Tune in live at 5.45pm: http://www.newstalk.com/player/
When it comes to smartphones and devices, it would seem we’re already hooked. Can you recall the last time you were bored? Give it some real thought. Mind-numbingly bored. With no alternative but your own thoughts to stave off the ennui. Chances are your boredom hasn’t piqued between 4.30 and 7pm in the better part of a decade – not to mention ‘the best of...’ on Sunday mornings – but since the arrival and domination of the iPhone, every moment we have to spare is spent on apps and the Internet.
It’s almost as if the opportunities to get bored have been removed from western society – provided your battery life hasn’t entirely wasted away.
In late 2014, a new study by the Flurry research group revealed that the average person spends two hours and 57 minutes of their day on a mobile device. Worse still, the instinct to reach for our devices at the first moment of idleness appears to have become an innately reflexive response. We cannot wait for someone else to arrive without Tweeting. We cannot sit in a café drinking coffee without a scroll through Facebook. We’ve trained our brains to scan huge volumes of information, distilled to the fewest digital characters possible, providing zero context but an endless feed. Do doctors’ waiting rooms even stock well-thumbed issues of Woman’s Way anymore?
Our device dependency hasn’t gone entirely unnoticed; there are now countless apps proselytising ways to unplug and be mindful, step-by-step guides likely to raise stress levels in 4G reception causes them to buffer.
But does this constant connectivity to all of the world’s information all of the time come at a price to humanity? What is it doing to our true potential? While the ease of communication and idea sharing has never been more second nature, does it curtail the amount of ideas we’re having in the first place?

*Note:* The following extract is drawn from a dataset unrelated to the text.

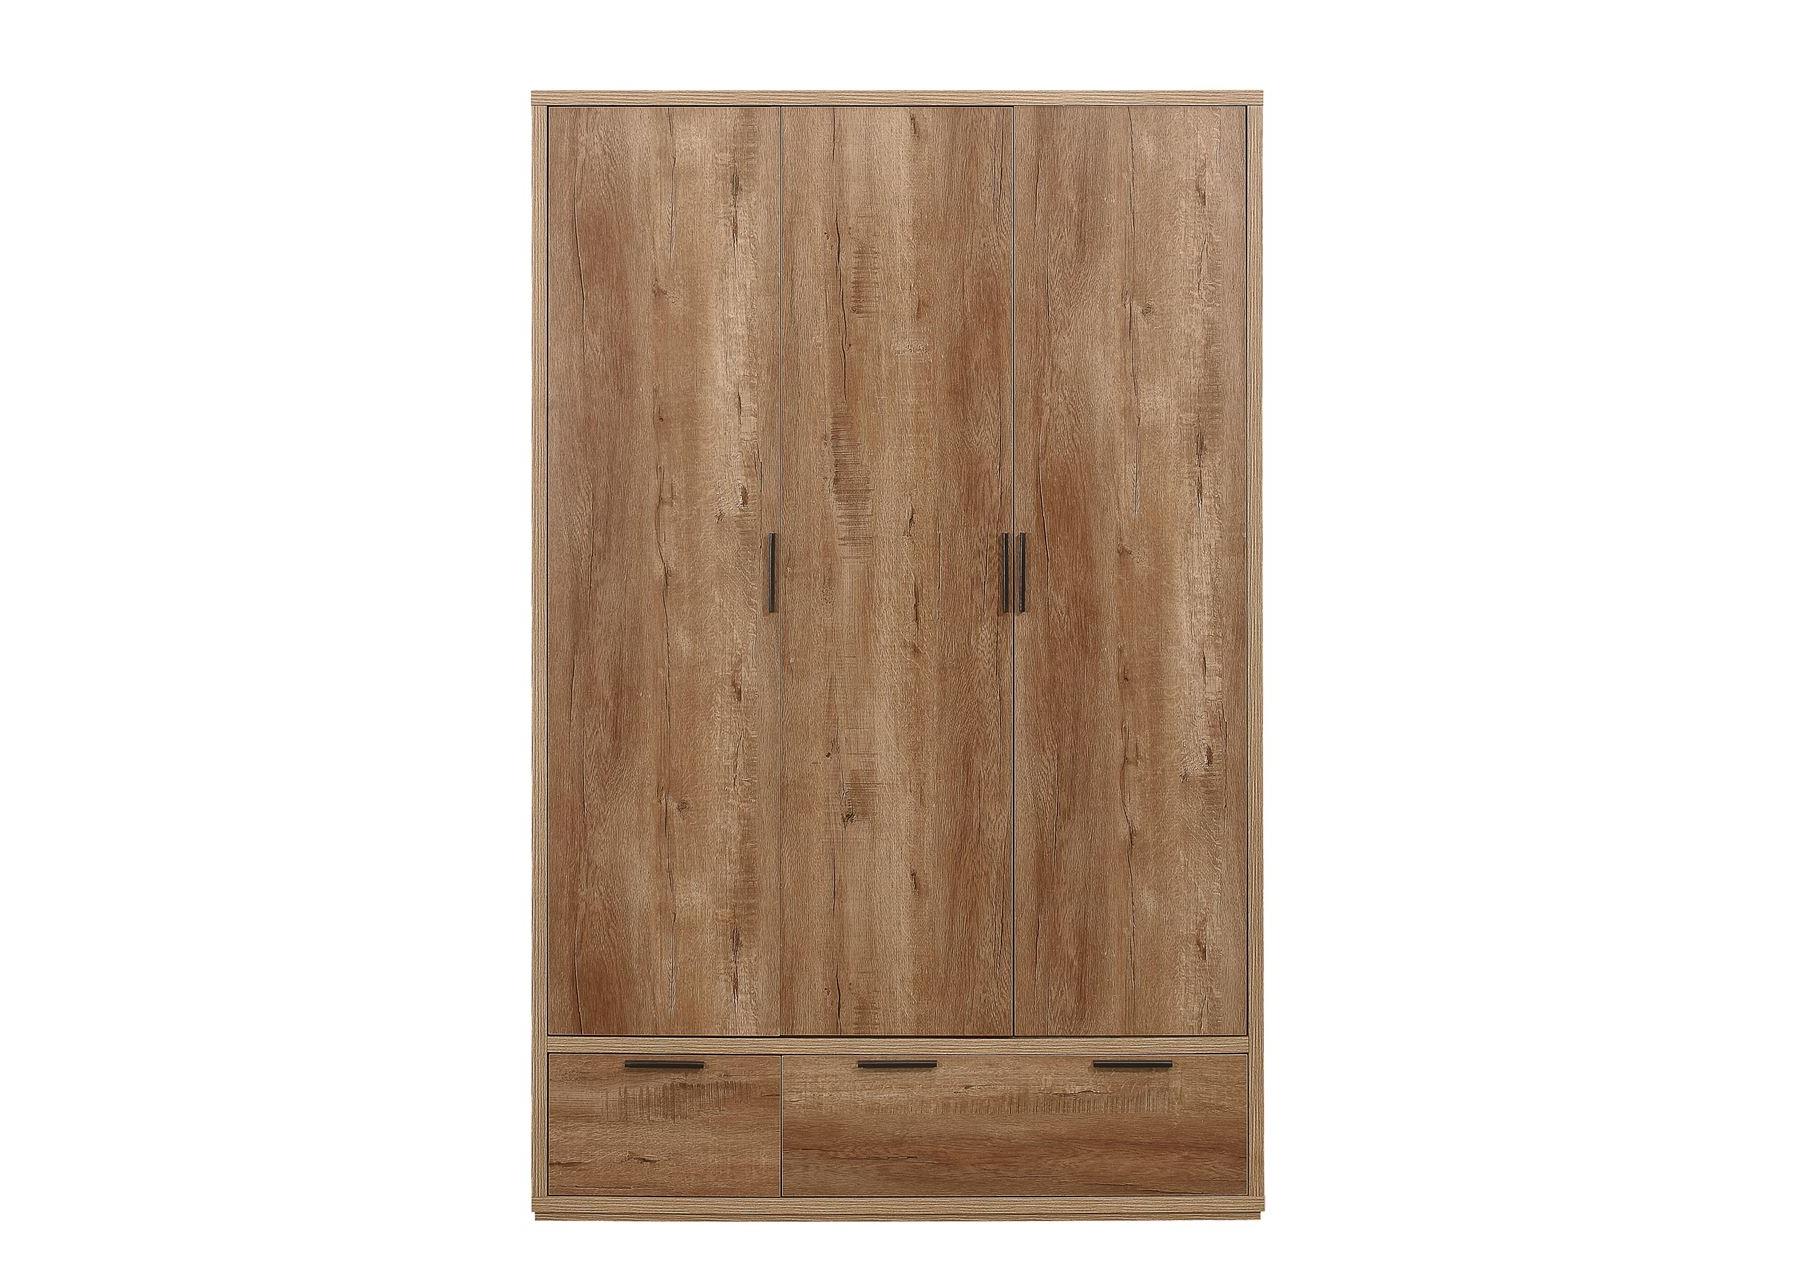 Details About Birlea Stockwell Rustic Oak 3 Door 2 Drawer Wardrobe Urban  Industrial Design With Malibu 2 Door 4 Drawer Sideboards (View 5 of 20)

A study by UK psychologist Sandi Mann suggests that most of our original ideas and schemes come about directly as a result of allowing ourselves a moment of boredom. Dr Mann’s research found that it seems when we complete the most mundane task with no distraction (she asked test subjects to read the phonebook) wandering minds come up with the most unique thoughts.
“You come up with really great stuff when you don’t have that easy lazy junk food diet of the phone to scroll all the time,” Mann told the New York radio station WNYC.
It’s also the reason why shower thoughts – moments of clarity so searingly insightful there’s an entire sub-Reddit dedicated to them – come to us with their burning brilliance, as while we’re lathering up, we’ve left our phones elsewhere.
The constant presence of a digital device grasped between our own digits truly doesn’t leave a lot of time for idle thoughts. A 2013 report by Kleiner, Caulfield, Perkins & Byers found that the average smartphone junkie checks his or her device 150 times a day. So when are we supposed to find the time to be bored?